I’m meeting my personal trainer this afternoon. I’ve been seeing her for several months now, a total of 17 sessions. I haven’t lost any weight. I’ve been stalled at around 190 for quite a long time now. But I have toned considerably. I know I’ve traded some body fat for some muscle mass. I’d like to go back t0 my physician and get another blood panel done. My last one was totally within the ‘normal’ range for all values, but it was at the upper edge of some, like fasting glucose. But everything is headed in the correct direction.
I have another friend in the program who used to be a personal trainer. This person was kind of concerned about me over the weekend, when I was obviously upset. But as I recovered my resolve and have begun making progress again, and writing about my intentions for taking forward steps, my friend had an insight that I thought was a propos and important.
In fitness (and I’m sure here I’ll get some of the jargon wrong), they talk about recovery time as the time from a cardiovascular excursion (like a >150 bpm heart rate) until the return to nominal. Basically, from when you’re panting and your heart is pounding to when you feel normal again. The fitter you are, the shorter this time is. When I first started exercising, I would run around the block (half a mile where I live) and then pant for 10 minutes or more.
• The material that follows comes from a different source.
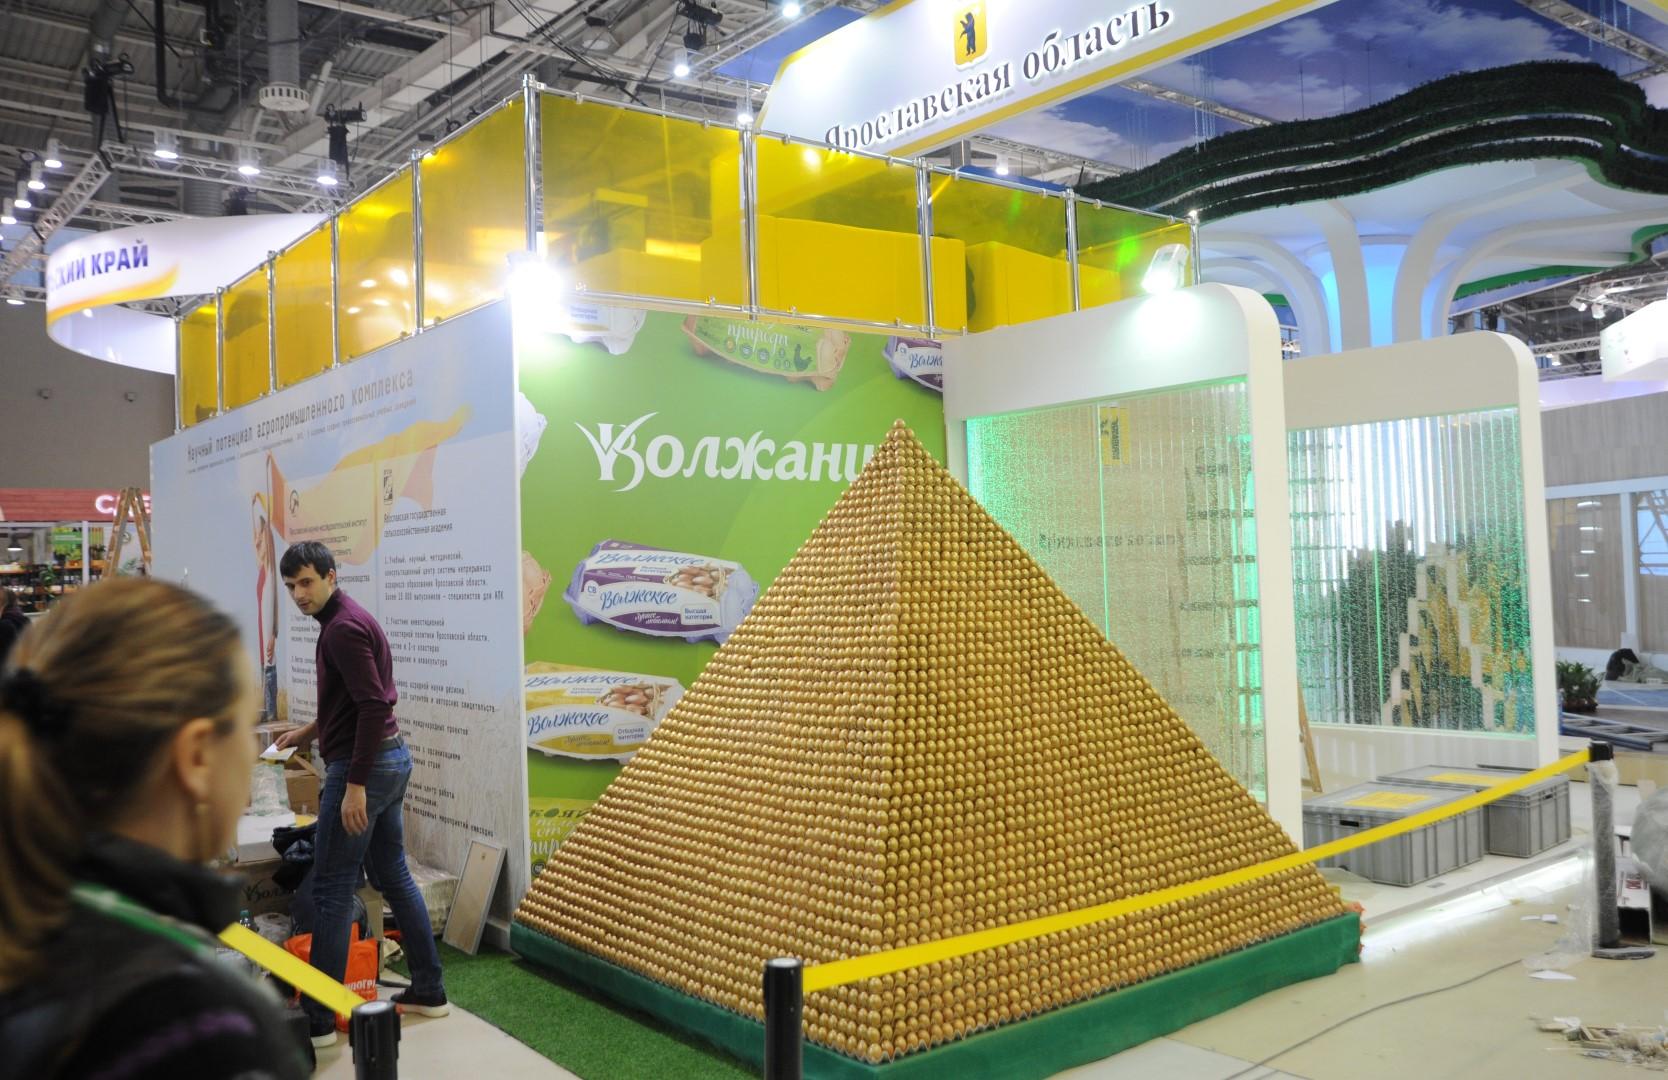 Ярославская область отметилась мировым рекордом в преддверии международного дня яйца

Now, after running for 30 minutes straight, about 3 miles, my heart rate and breathing will return to nominal in about two minutes.
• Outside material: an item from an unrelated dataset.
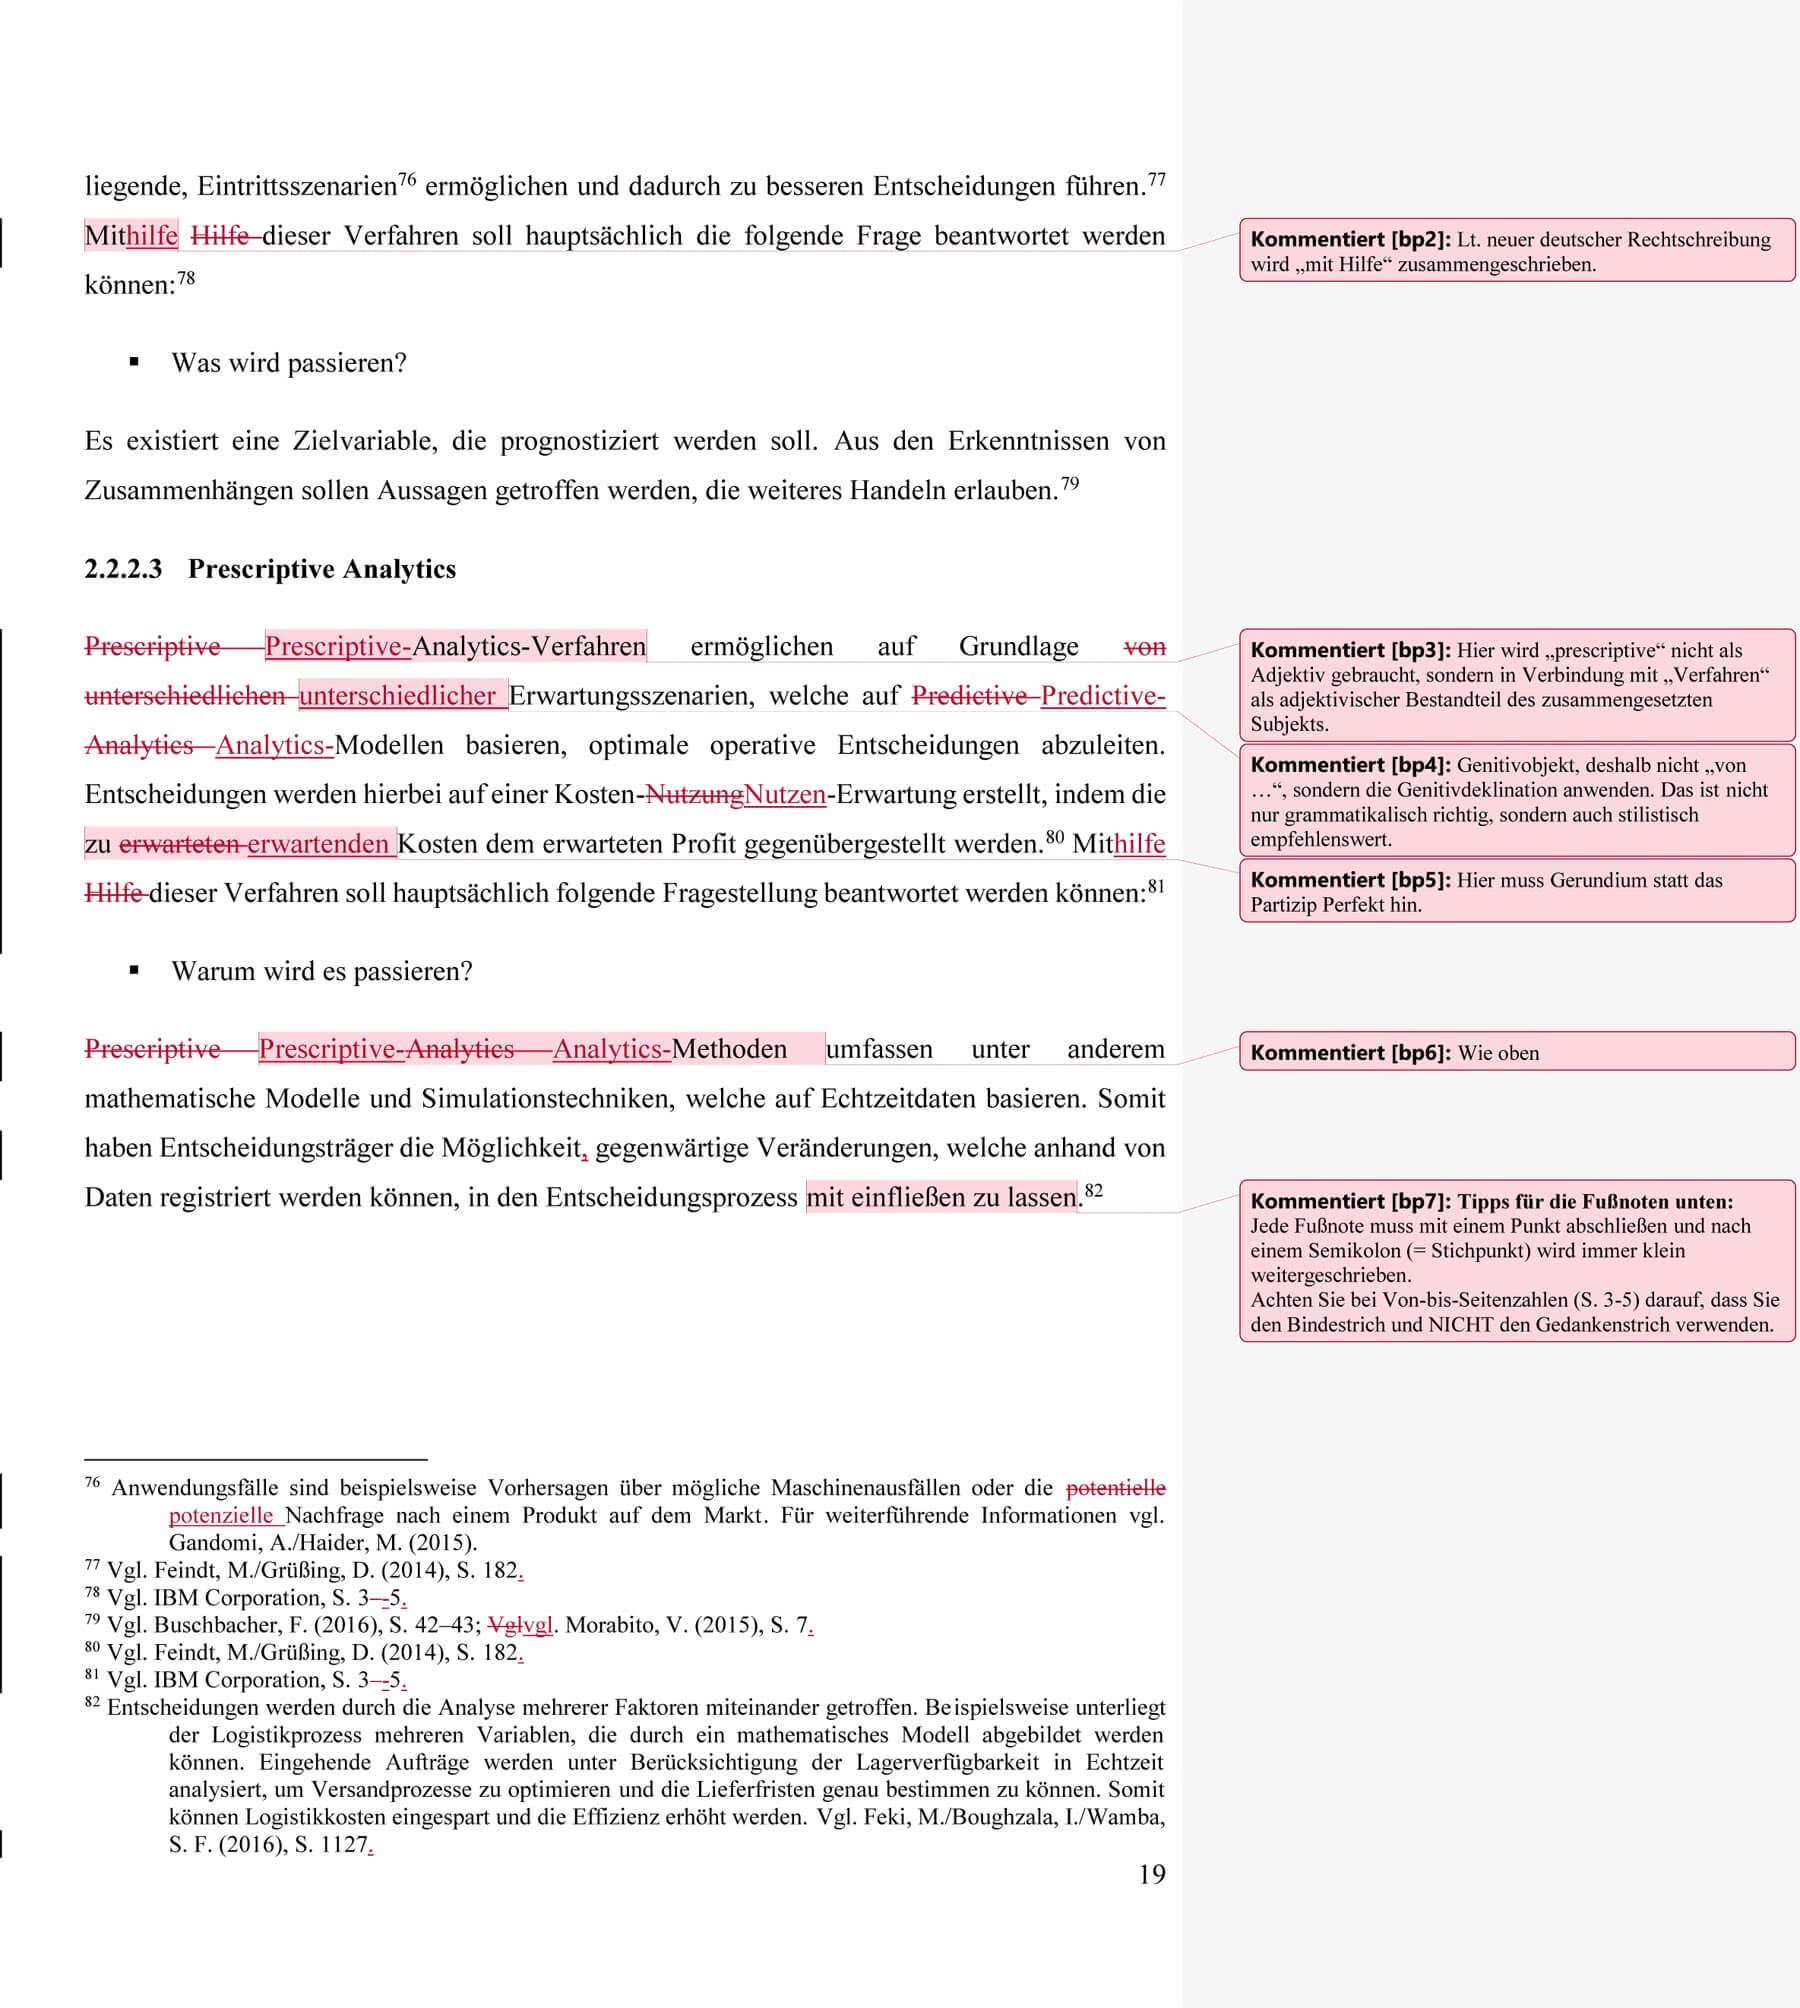 Gefundene Fehler durch die Formalkorrektur der Masterarbeit - Lektorat Erfahrungen Tomasz-Kragiel

My friend’s observation was that the program, and what we call our spiritual fitness, is roughly the same. There was a huge insult to my serenity this past week and a half. I am going to have to clean up a mess that I thought was already cleaned with regard to travel to Canada. I had a really big, and important career-wise, grant rejected. I had a paper rejected rather emphatically. I lost my sense of peace and well-being, and was very upset for several days.
And now I’m ok again. I have an action plan moving forward. I went to my meetings. I shared my feelings and perspective with people who care about me and know me and know my progress. People who’ve been with me through far worse times. My program fitness it pretty good. I know how to handle my emotions. Even when despair gets the better of me for a time, I bounce back, regain perspective, and return to progress.
I’m not perfect, and I’ve never claimed to be a perfect sober person. But I am working hard to maintain a perspective that is informed by the whole journey I’ve taken. My spiritual condition is not determined by what’s happened to me this week, or this month. It’s based on the entirety of my path from alcoholic desolation through to a transformational recovery that has me able to participate usefully in the world, and be mostly peaceful and content with life and my passage through it. When there are disruptions, I recover quickly.
Because this grant or that paper, or this job or that marriage, none of these things have the power to destroy me. Not truly. The only thing that has that power is my own unchecked self-destructive nature, when fueled by alcohol. So I can be angry about Canadian bureaucracy, and I can be sad about a paper rejection, and I can feel unjustly scored by a study group, and none of these things have the slightest power to derail the progress of my life. My life is bigger than that. I’m fitter than that.